Drug development remains essential, especially where options have been stagnant
Wendy Bartie described Bristol Myers Squibb’s neuroscience work in the context of unmet need. She noted that she had spent 18 years in oncology, where biomarkers have helped clinicians understand cancer better than medicine currently understands the brain. In neuroscience, she said, unmet need remains widespread.
Huffington framed Bristol Myers Squibb’s schizophrenia work as a first novel treatment in the space in 30 years, and Bartie emphasized that more remains to be done. She also listed work in Alzheimer’s disease, including attempts not only to treat symptoms but also the underlying disease; medications for agitation associated with autism; drugs for bipolar 1 disease; and an early-stage asset for ALS, which she called devastating.
Her formulation of the company’s role was that Bristol Myers Squibb “does the hard things because disease is hard.” She acknowledged that research often fails, but said the work continues because clinical trials and development decisions are tied to people whose lives may be changed or saved by innovation.

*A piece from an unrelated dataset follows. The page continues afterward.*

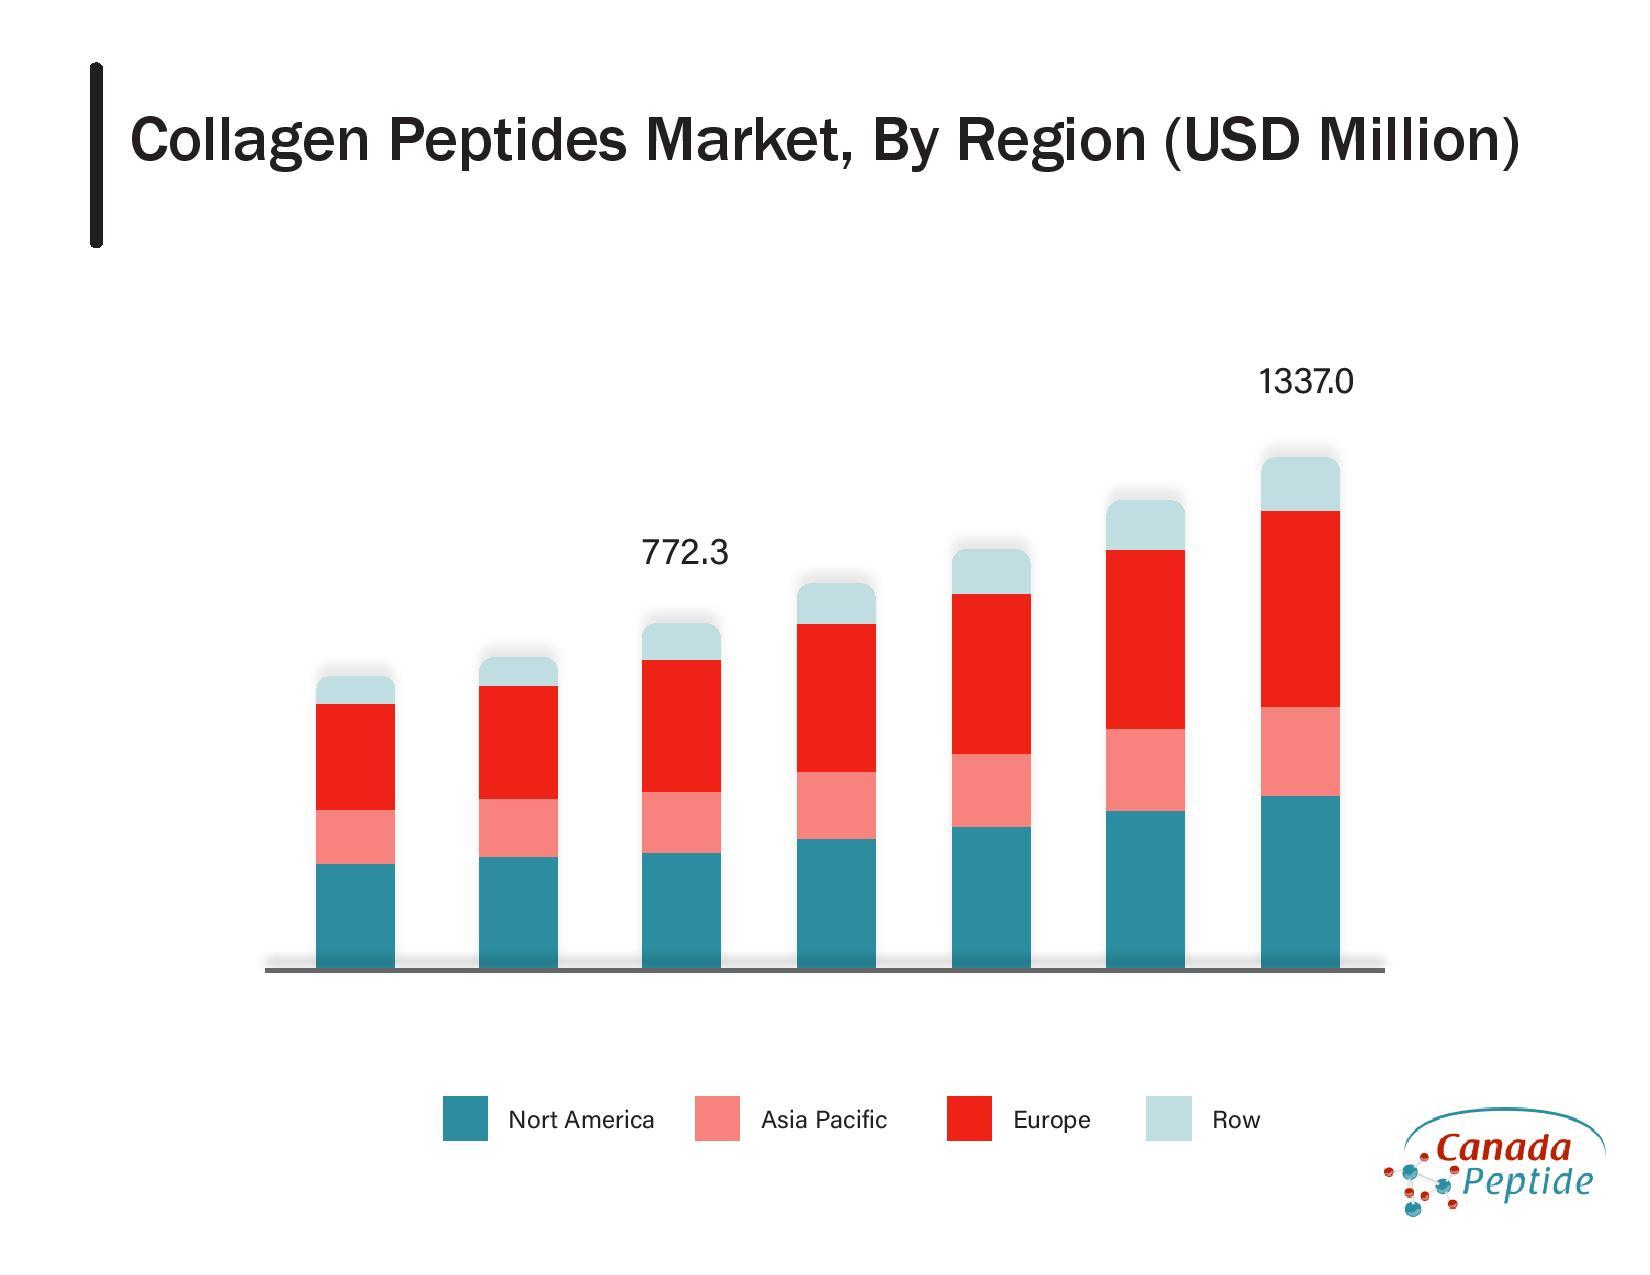 https://www.canadapeptide.com/wordpress/wp-content/uploads/2020/12/collagen-peptides.pdf
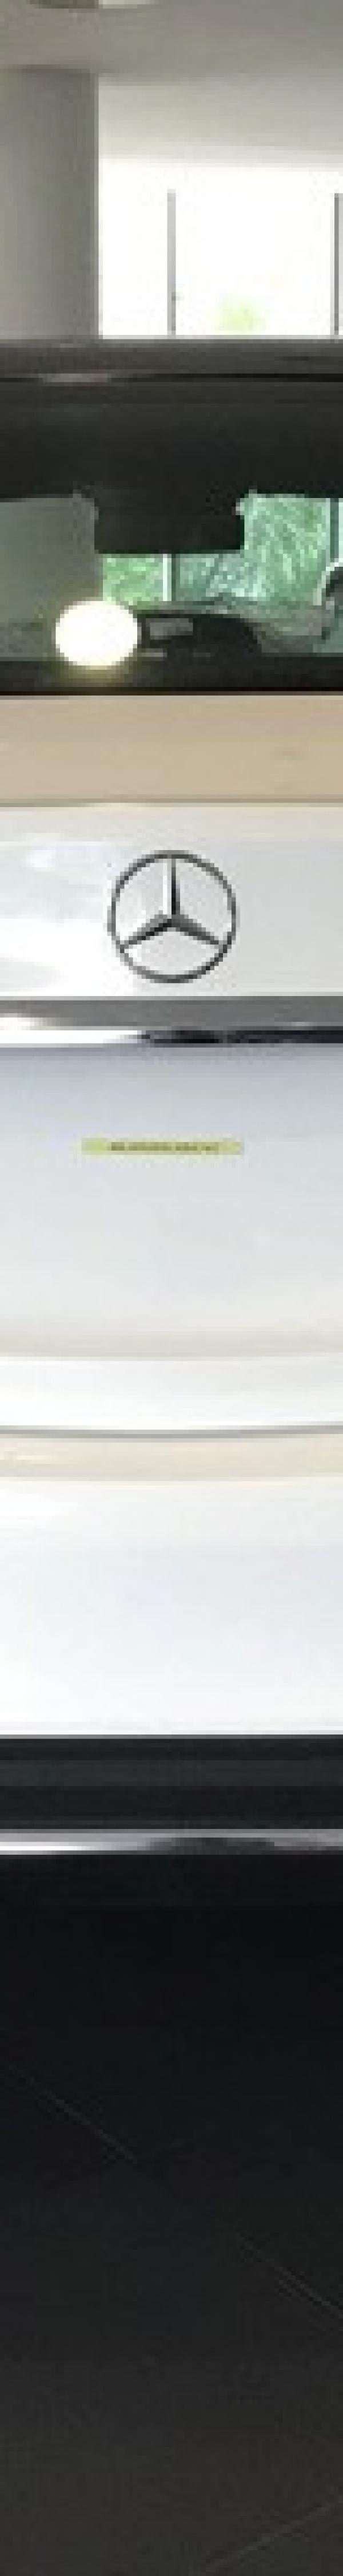 MERCEDES BENZ C 300 AMG FINAL EDITION (8)

Access again conditioned the value of that innovation. Bartie said her team often uses the phrase: “innovation without access is just interesting.” The point was that a medicine that cannot reach patients does not satisfy the purpose of the research.
She closed that answer by moving outside formal R&D and urging people to practice joy and gratitude daily. In her view, focusing on what is good rather than only what is bad can improve mental well-being, which in turn supports brain health.
Prevention requires evidence, humility, and a low tolerance for harm
During the audience questions, Jill Weiss asked about creatine, noting that it is “all the rage” and asking what it does for brain health. Isaacson answered cautiously. He said he has been pro-creatine for about 20 years for muscle-related reasons, though he was careful even there. For brain health, he said he does not know. He personally takes creatine every day, and he is “more of a yes” than a no, but he is not convinced that the evidence proves a brain-health benefit. He mentioned a study involving symptomatic people taking a very large dose, but said that study was not enough to change his practice.
A second audience question asked how to evaluate the many things that claim to be brain healthy. Isaacson’s answer was a blend of evidence hierarchy, clinical judgment, and risk management. Prospective randomized data matter. Retrospective population-based studies matter. Clinical instinct also plays a role. But the controlling principle, he said, is “do no harm.”
Prevention complicates evidence standards because the outcomes may take decades to appear. Isaacson said medicine is unlikely to produce the kind of phase three clinical trial that compares, for example, a Mediterranean-style diet with a Blue Zone diet over the necessary time horizon. People still have to make decisions before perfect evidence arrives.
That is where harm matters. If an intervention is intended to reduce risk for a disease a person may or may not ever get, and the intervention carries a meaningful chance of harm, Isaacson said he is unlikely to recommend it. Huffington applied the same principle to creatine: she takes it because she sees no evidence of harm and thinks it may help, but she would avoid recommendations where there is evidence of harm.
The exchange exposed a tension running through the whole discussion. Brain health prevention cannot wait for perfect long-term trials on every behavior, food, supplement, or digital intervention. But that does not mean every claim should be accepted. The practical standard offered was evidence where available, humility where uncertain, and a high bar for exposing healthy people to downside risk.